Tidy up the levels a little:

levels(res_topics$class) |> sort()
##  [1] "aphasiology"                "child development"         
##  [3] "cognition"                  "cognitive psychology"      
##  [5] "cognitive science"          "communication studies"     
##  [7] "conditional logic"          "education"                 
##  [9] "educational studies"        "epistemology"              
## [11] "ethics"                     "evaluation"                
## [13] "gender studies"             "healthcare"                
## [15] "healthcare policy"          "human-computer interaction"
## [17] "information technology"     "intelligence testing"      
## [19] "law"                        "linguistics"               
## [21] "literacy"                   "logic"                     
## [23] "mathematics"                "mental health"             
## [25] "mhc"                        "mhc (mental health care)"  
## [27] "neuroscience"               "philosophy"                
## [29] "pragmatics"                 "psycholinguistics"         
## [31] "psychology"                 "public health"             
## [33] "qualitative"                "qualitative research"      
## [35] "quantitative"               "reasoning"                 
## [37] "research methods"           "social sciences"           
## [39] "social work"                "sociology"                 
## [41] "special educational needs"  "speech therapy"            
## [43] "statistics"                 "teacher education"
res_topics_clean <- res_topics |>
  mutate(class = fct_recode(class,
                             "mental health care" = "mhc",
                             "mental health care" = "mhc (mental health care)",
                             "HCI" = "human-computer interaction",
                             "logic" = "conditional logic"))
levels(res_topics_clean$class) |> sort()
##  [1] "aphasiology"               "child development"        
##  [3] "cognition"                 "cognitive psychology"     
##  [5] "cognitive science"         "communication studies"    
##  [7] "education"                 "educational studies"      
##  [9] "epistemology"              "ethics"                   
## [11] "evaluation"                "gender studies"           
## [13] "HCI"                       "healthcare"               
## [15] "healthcare policy"         "information technology"   
## [17] "intelligence testing"      "law"                      
## [19] "linguistics"               "literacy"                 
## [21] "logic"                     "mathematics"              
## [23] "mental health"             "mental health care"       
## [25] "neuroscience"              "philosophy"               
## [27] "pragmatics"                "psycholinguistics"        
## [29] "psychology"                "public health"            
## [31] "qualitative"               "qualitative research"     
## [33] "quantitative"              "reasoning"                
## [35] "research methods"          "social sciences"          
## [37] "social work"               "sociology"                
## [39] "special educational needs" "speech therapy"           
## [41] "statistics"                "teacher education"
res_topics_clean |>
  mutate(title = str_trunc(title, 30)) |>
  select(title, class)

Summarise:

res_topics_clean |>
  group_by(class) |>
  tally() |>
  arrange(desc(n))

Lob it at a cluster analysis:

res_topics_binary <- res_topics_clean |>
  mutate(val = 1) |>
  dplyr::select(-topic_num) |>
  pivot_wider(names_from = "class",
              values_from = val,
              values_fill = 0)

topics_mat <- res_topics_binary |>
  dplyr::select(-title) |>
  as.matrix()
rownames(topics_mat) <- res_topics_binary$title |> str_trunc(50)

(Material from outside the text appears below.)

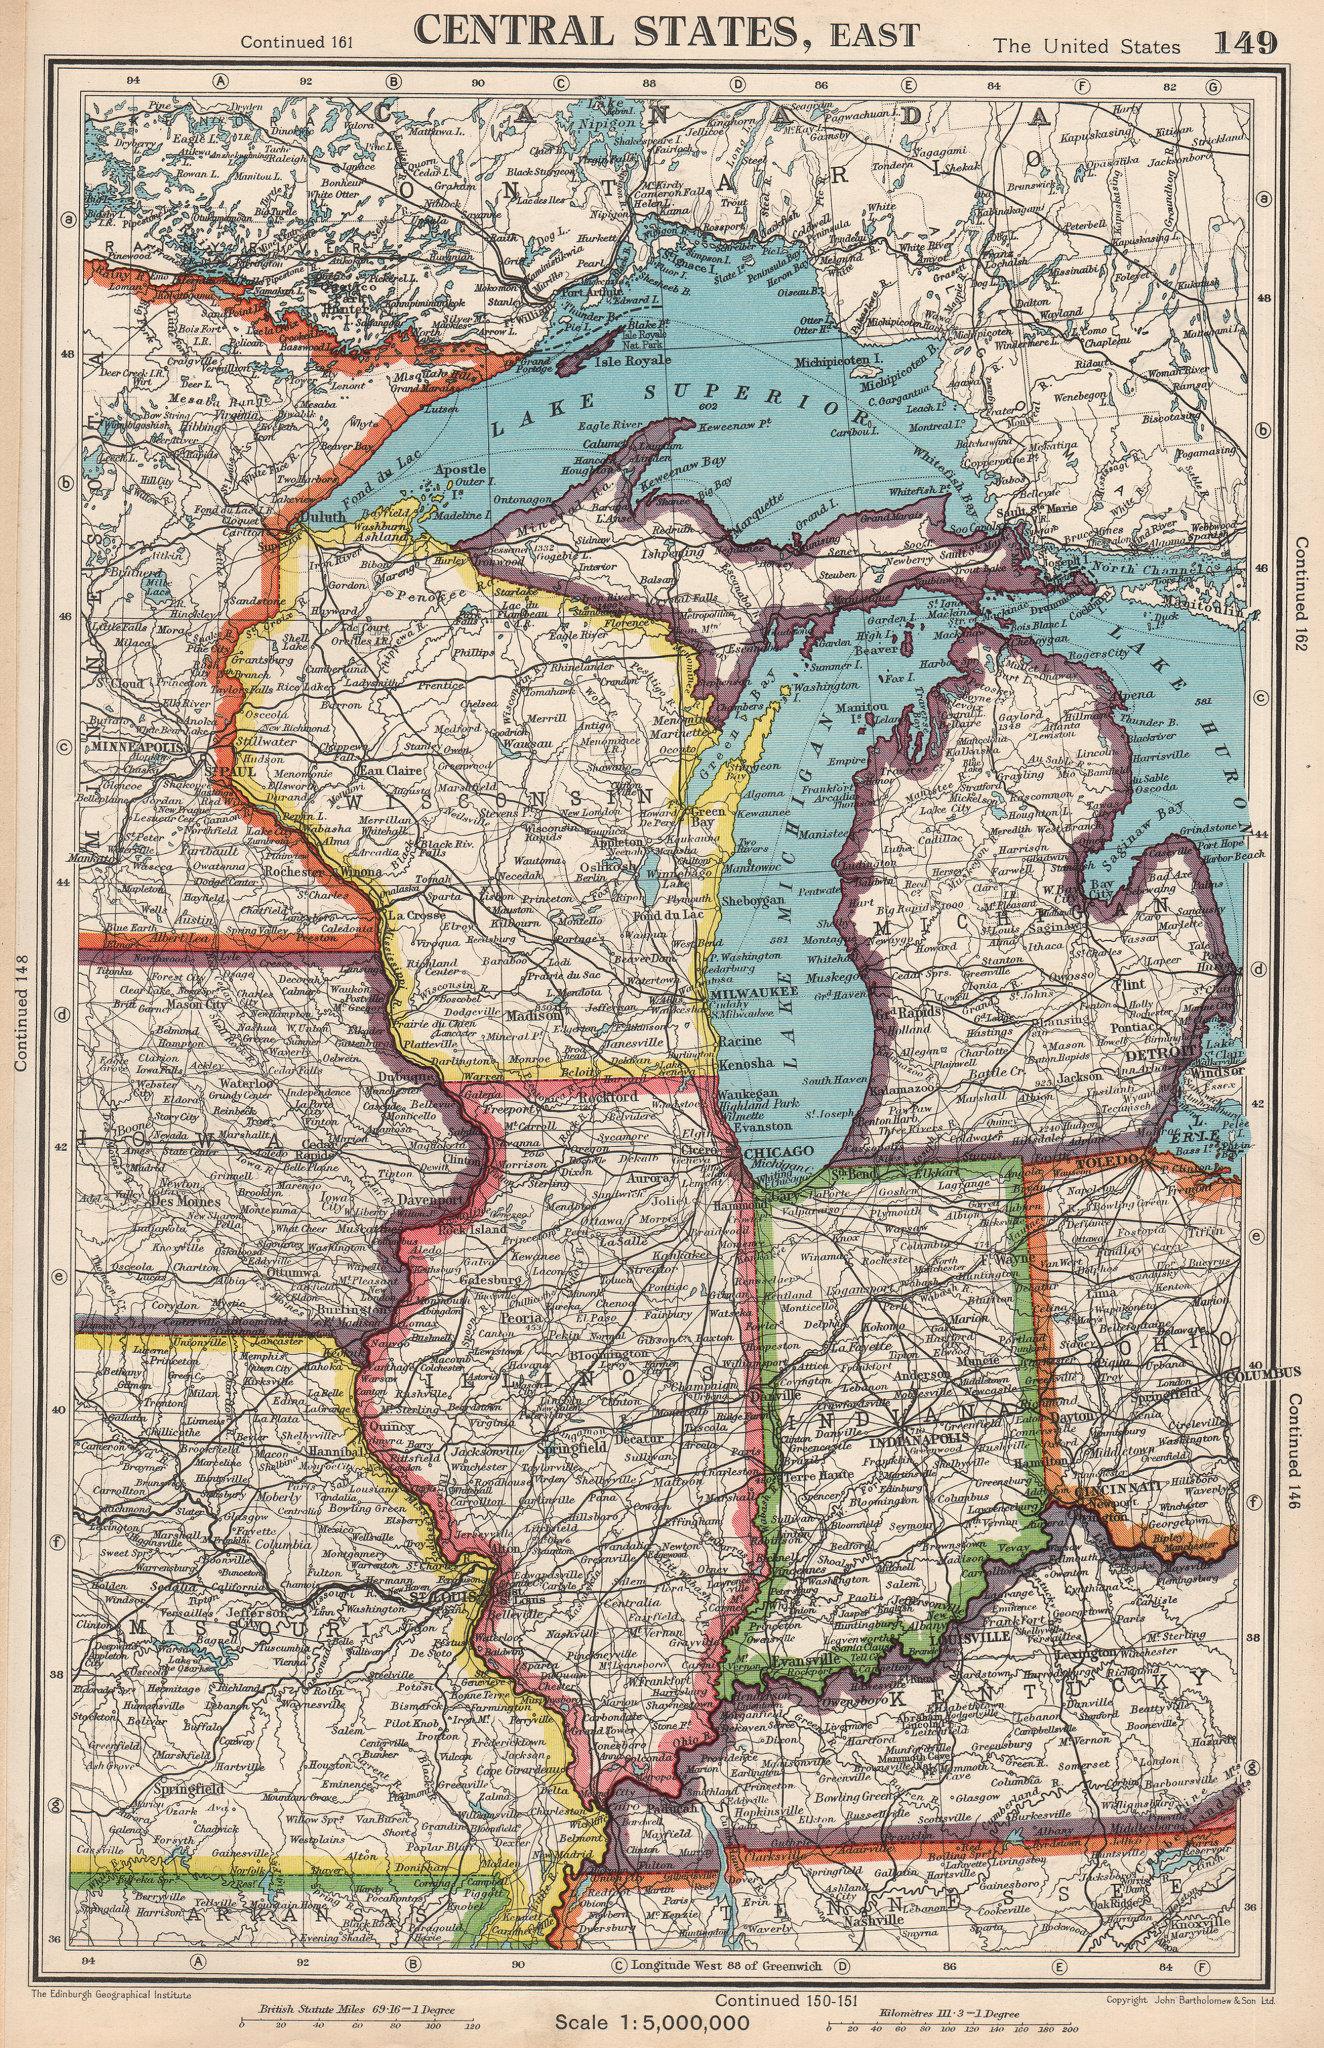 Associate Product MIDWEST USA. WI Michigan Illinois Indiana. Great Lakes. BARTHOLOMEW 1952 map

dist_mat <- dist(topics_mat, method = "binary")
hc <- hclust(dist_mat, method = "ward.D")

old_par <- par(mar = c(2, 0, 0, 20))
plot(hc |> as.dendrogram(), horiz = TRUE)

par(old_par)

This doesn’t quite look the way I would have done it manually, e.g., I would have put “How people interpret conditionals” alongside “A process model of the understanding of uncertain conditionals” and “Probabilistic theories of reasoning need pragmatics too”. But it’s not horrendous and impressive given that all I had to do was come up with a prompt.